I would greatly appreciate any advice on attempting this question. References to any textbook would also be helpful.
Consider the probability space $(\Omega,\mathcal{F},P)$ with $\Omega = [0,1]$, $\mathcal{F}$ the $\sigma$-algebra of Borel sets, and $P$ the Lebesgue measure. Define the sequence $X_n$ by
$X_{2n} = (0 \text{ if } \omega < \frac{1}{2} ; 1 \text{ if } \omega \ge\frac{1}{2})$ and
$X_{2n+1} = (1 \text{ if } \omega < \frac{1}{2}; 0 \text{ if } \omega \ge \frac{1}{2})$.

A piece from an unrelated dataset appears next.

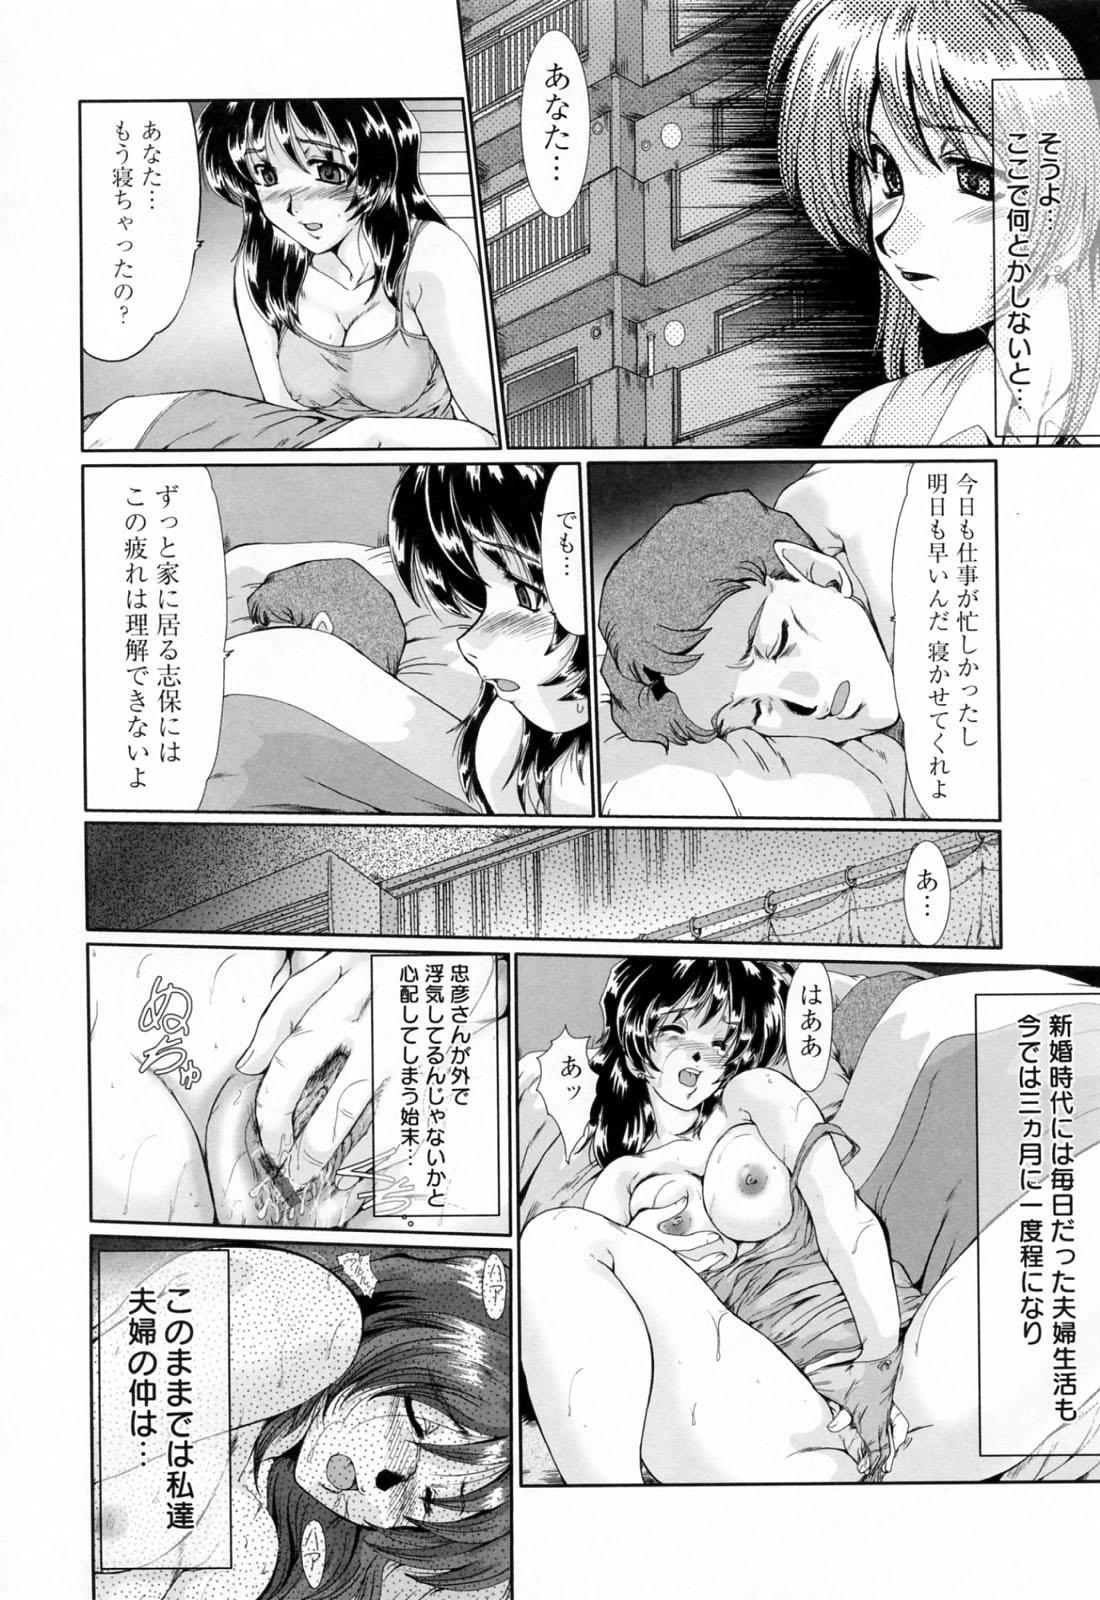 Kanjuku Hitozuma Nikki - The diary of the mature married woman 103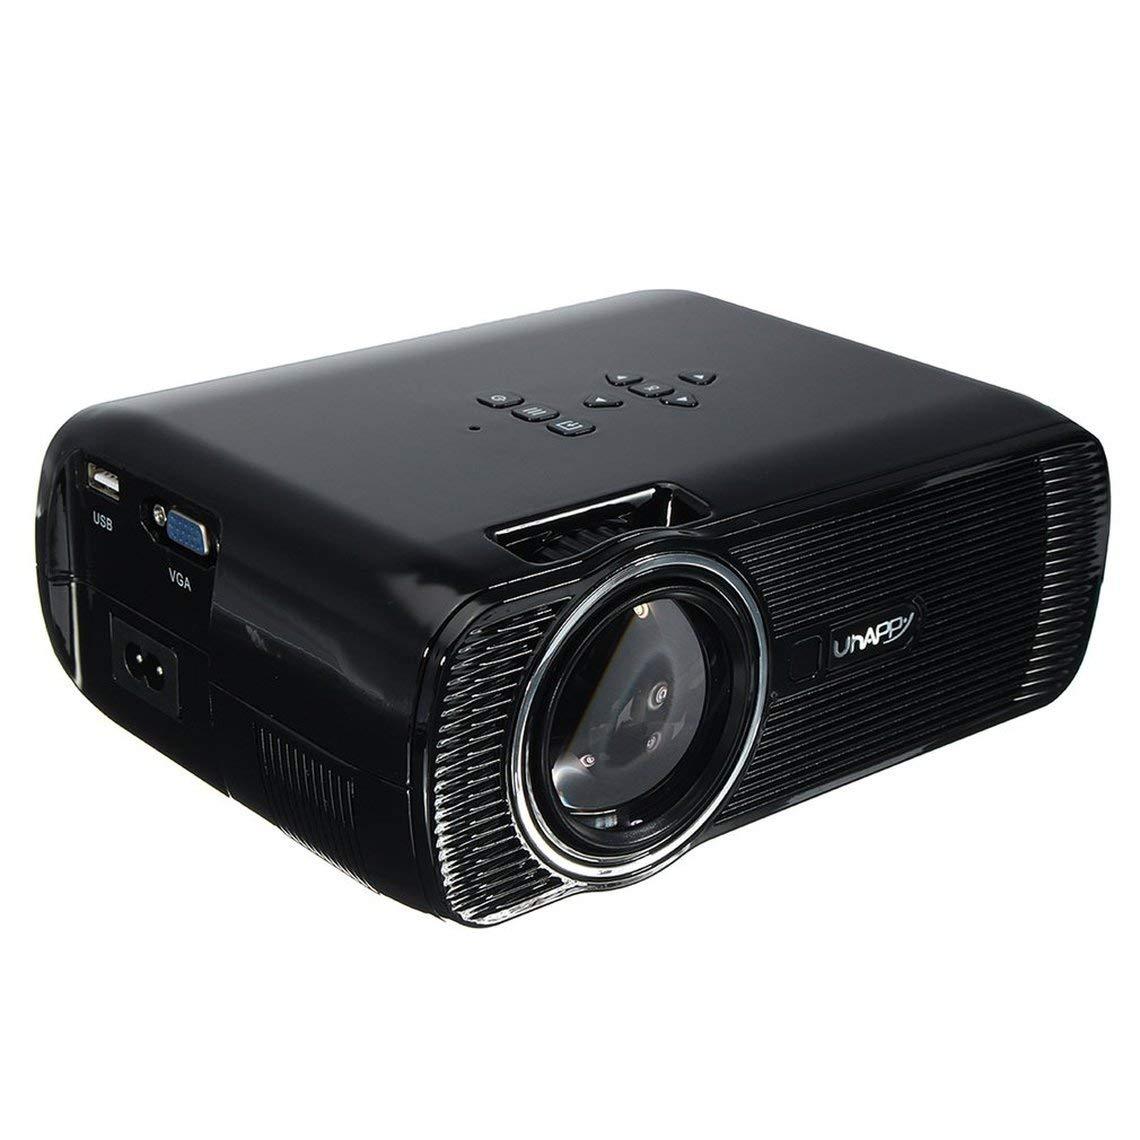 Zinniaya U80 7000 LM Proyector Digital Portátil HD 1080P Proyector ...

Show that $X_n$ converges in distribution, but does not converge in probability.
I apologize for the bad typesetting, I am not fully proficient in LaTex.
Best Answer
$X_{2n}$ is the indicator of $[\frac{1}{2},1]$ and $X_{2n+1}$ is the indicator of $[0,\frac{1}{2})$, then
$$P(X_{2n}=1)=P \left(\{\omega:\omega\in[\frac{1}{2},1]\}\right)=\frac{1}{2}=P(X_{2n}=0)$$ $$P(X_{2n+1}=1)=P \left(\{\omega:\omega\in[0,\frac{1}{2})\}\right)=\frac{1}{2}=P(X_{2n+1}=0)$$
Now, let $F_{2n}(x)$ be the distribution function, then $F_{2n}(x)=P(X_{2n}\leq x)=1$ if $x=1$, and is $\frac{1}{2}$ if $x\in[0,1)$. For $F_{2n+1}(x)$ you have the same distribution function. Therefore $F_n$ does not depend on $n$, then is constant, which implies convergence in distribution.
Now, to proof it does not converge in probability, assume the contrary, i.e. there exists $X$ such that $\lim P(|X_n-X|>\epsilon)\to 0$. Because the limit is unique and convergence in distribution implies convergence in probability, you have that the distribution function of $X$ is the one you obtained before, therefore $X$ only takes two values, $0$ and $1$, and both with the same probability ($\frac{1}{2}$).
Note that convergence in probability implies that $X_{2n}$ and $X_{2n+1}$ both converge in probability to $X$, so $X_{2n}-X_{2n+1}$ converges to $0$ in probability, however, $X_{2n}-X_{2n+1}$ does not converge in distribution to $0$ which is a contradiction because convergence in probability implies convergence in distribution.